BASIC was also great because you could type in what you wanted and get an instant result. If it didn’t work, just retype the line that’s broken. If you used the same line number, the new version overwrote the old; debugging made easy. However, this same flexibility also made it a poor language for “real” programming.
BASIC made you organize your code with line numbers, but that feature was later removed. Line numbering helped emphasize the sequential nature of computer programs and helped students learn how computers ran them.
Despite opponents, many programmers who started out on BASIC went on to have thriving careers.
BASIC CODE EXAMPLE
20 LET S = 0
30 FOR N = 1 TO 100
40 LET S = S + N
50 NEXT N
60 PRINT S
99 END
Trends
While Dartmouth BASIC, Microsoft BASIC, and their offshoots are gone, Visual Basic kind of lives on. In fact, as of August 2020, it is the 6th most popular language. However, Microsoft no longer supports it and has revamped the language on the .NET framework. It isn’t based on BASIC anymore.

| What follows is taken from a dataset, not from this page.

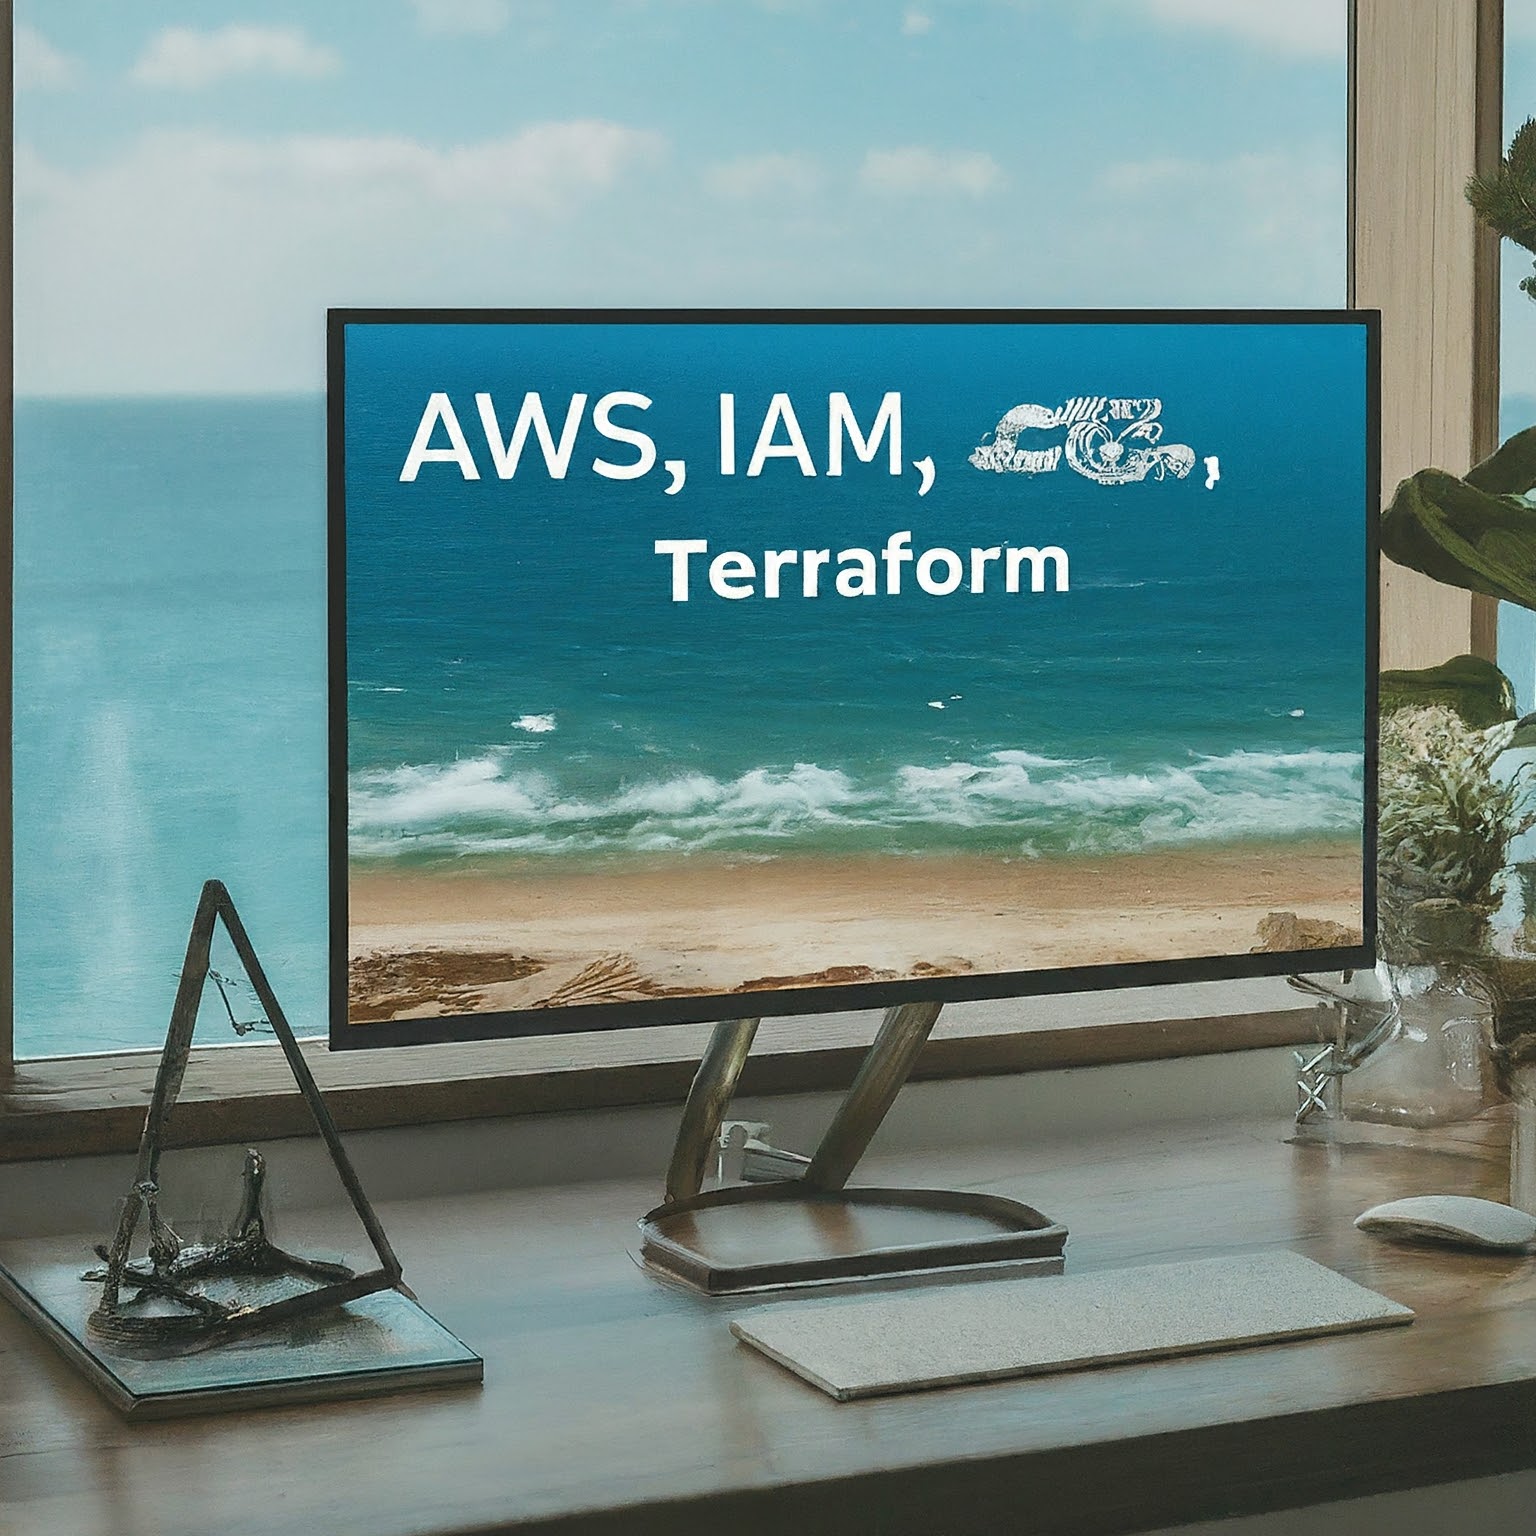 Developer Read-Only AWS IAM Group on AWS Cloud with Terraform

As of this month, TIOBE is now tracking Small Basic (from Microsoft), a BASIC variant. It debuts at number 102.
It turns out we can’t just get rid of BASIC either. Many of the modern applications we rely on still use it. For example, macros in Excel are a form of BASIC.
While BASIC was an excellent language to learn to code, there are newer languages that are also easy to learn and are still being updated and being used by developers. In addition, complex algorithms when it comes to artificial intelligence and languages that fit the job are being utilized.